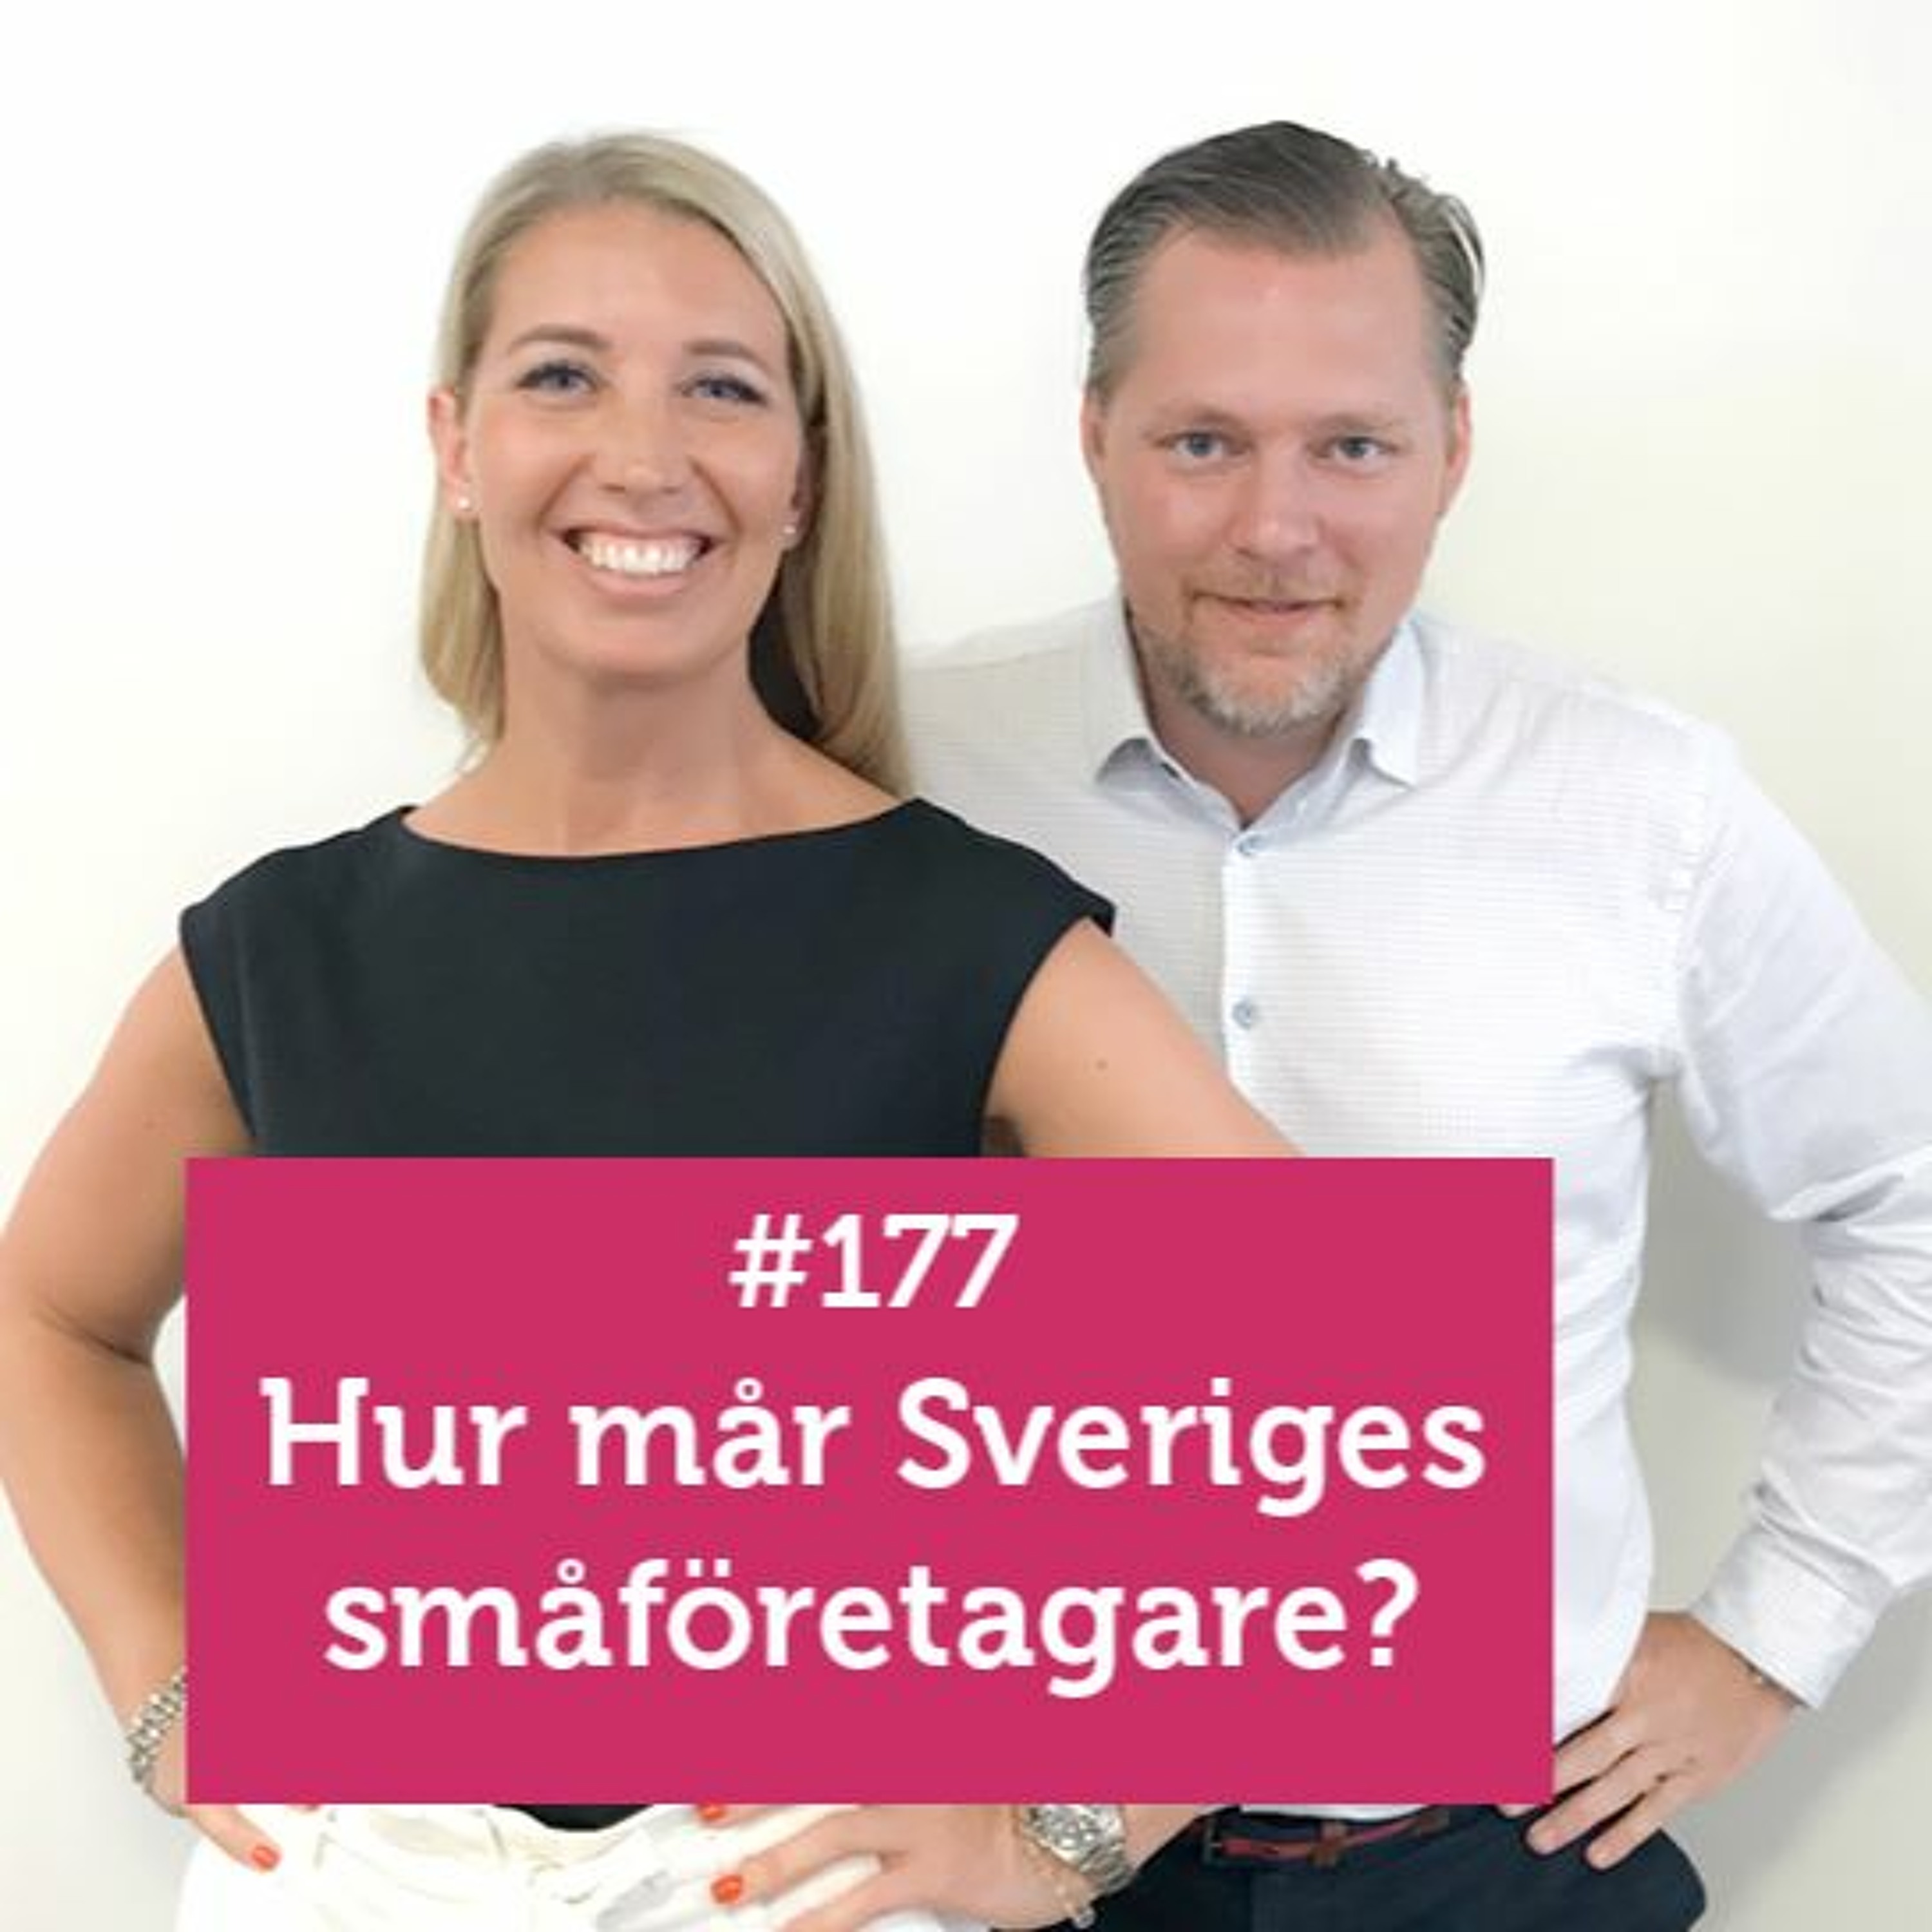 #Företagarpodden #177: Hur mår Sveriges småföretagare?
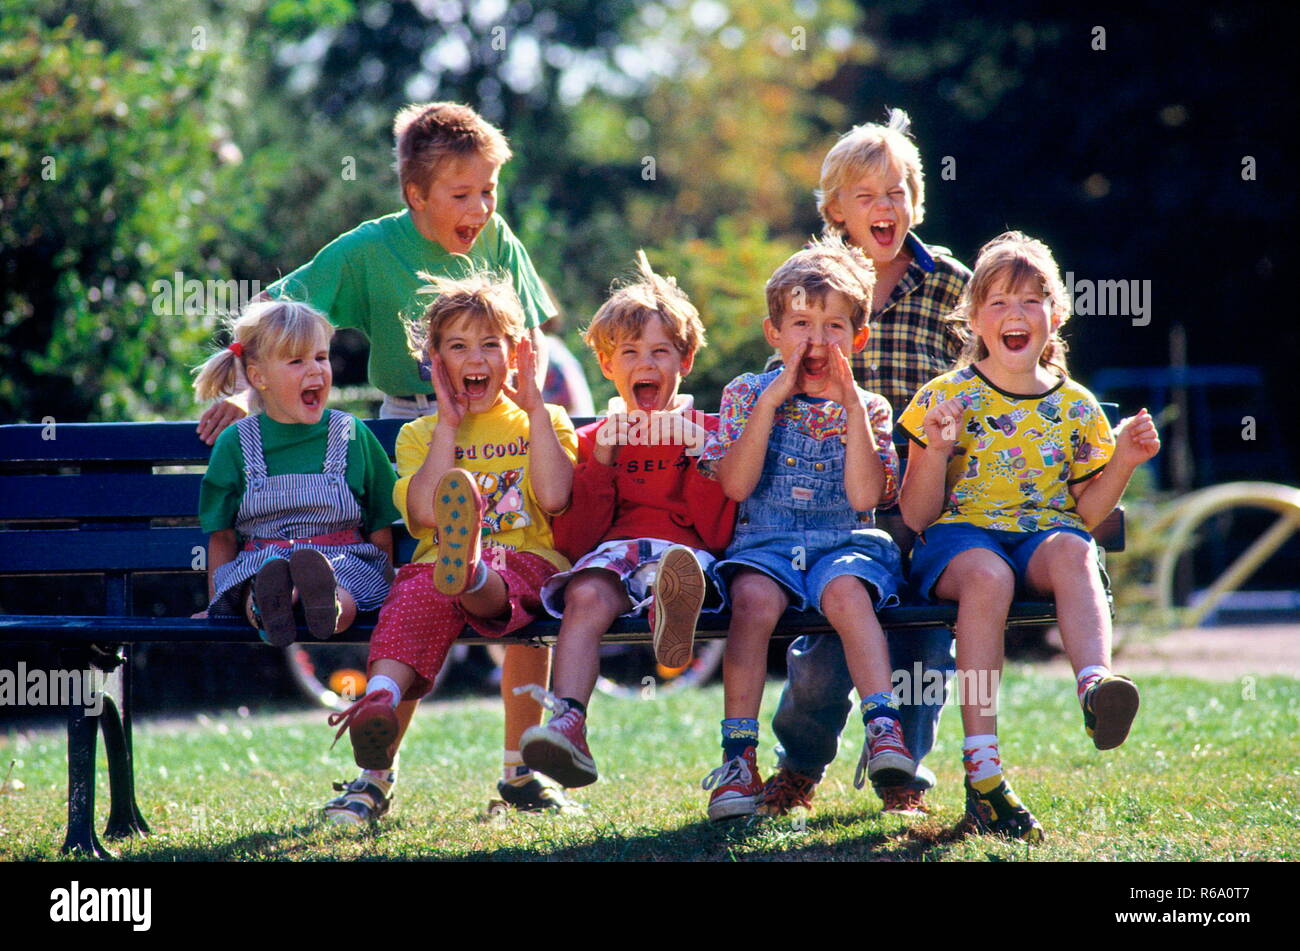 Portrait, Parkszene - welness, 7 Kinder, 4 bis 10 Jahre alt, sitzen im Sommer auf einer Parkbank Banque D'Images
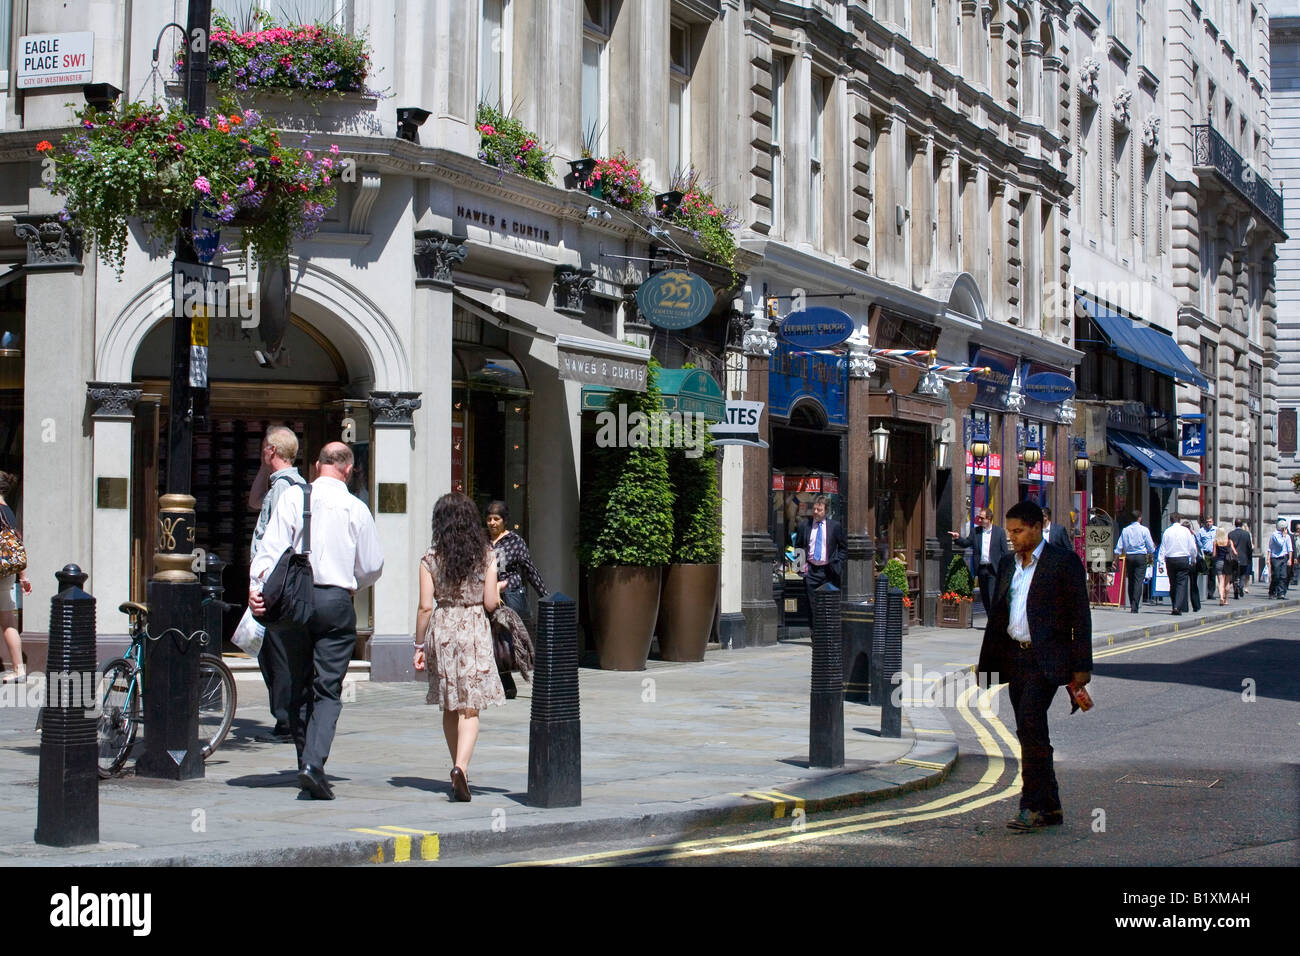 Jermyn Street in London Stock Photo

WHAT IS REQUIRED: Leave the images out. Set down all of the material above exactly.

WRITTEN ANSWER:
 #Företagarpodden #177: Hur mår Sveriges småföretagare?
 Portrait, Parkszene - welness, 7 Kinder, 4 bis 10 Jahre alt, sitzen im Sommer auf einer Parkbank Banque D'Images
 Jermyn Street in London Stock Photo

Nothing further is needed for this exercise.